4. When to Use Which Pattern
| Pattern | Core Idea | Use When | Watch Out For |
|---|
| Tool Use | Connect to external systems | Always — it's the foundation | Tool description quality is everything |
| ReAct | Interleave reasoning and action | Multi-step problems, when you need debuggability | Must handle parsing failures |
| Chain of Thought | Step-by-step reasoning | Complex calculations, planning phases | Token costs go up |
| Plan-and-Execute | CoT + ReAct combined | Long-running complex tasks | Wrong plan = wrong everything |
5. Safety Considerations
Agents are powerful. That means they're also dangerous if unchecked.
// Path allowlist
const ALLOWED_PATHS = ["/tmp/agent-workspace"];
const isPathAllowed = (path: string) =>
ALLOWED_PATHS.some((allowed) => path.startsWith(allowed));
// Block dangerous shell patterns
const BLOCKED_PATTERNS = ["rm -rf", "sudo", "curl | bash"];
const isSafeCommand = (cmd: string) =>
!BLOCKED_PATTERNS.some((p) => cmd.includes(p));
// Token budget guard
class CostGuard {
private total = 0;
private readonly limit = 100_000;
check(tokens: number): boolean {
this.total += tokens;
return this.total <= this.limit;
}
}
// Human-in-the-loop for destructive actions
async function requireApproval(description: string): Promise<boolean> {
// In a real system, this would surface a UI prompt or Slack notification
console.log(`[APPROVAL REQUIRED] ${description}`);
return false; // default deny
}
The rule of thumb: minimize blast radius.
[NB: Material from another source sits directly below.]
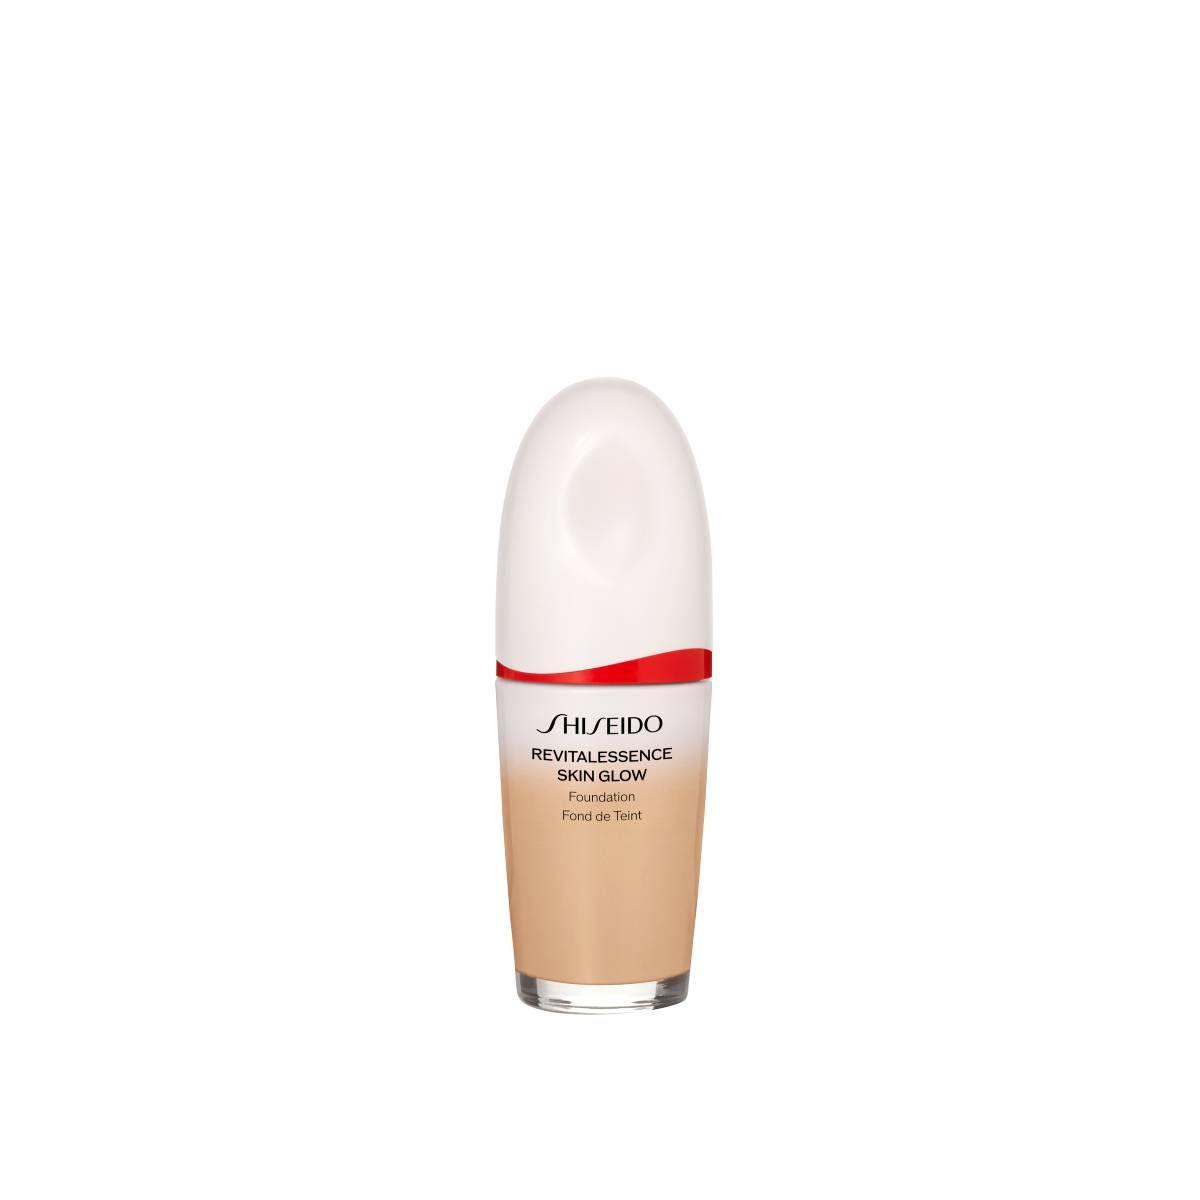 Revitalessence skin glow SPF30 PA+++, de Shiseido

Give agents the minimum permissions they need, add spending limits, and require human approval for anything irreversible.
Epilogue: Patterns First, Code Second
The biggest lesson from building AI agents: understand the patterns before writing any code.
Without Tool Use, the agent can't do anything. Without ReAct, it can't handle complex multi-step problems. Without Chain of Thought, planning falls apart.
These three patterns compose well. Use them together and you have a solid foundation for almost any agent system. Best of all, they're framework-agnostic—they work whether you're using Anthropic, OpenAI, LangChain, or rolling your own.
Start with a simple file-management agent. Then graduate to multi-agent pipelines. The patterns scale.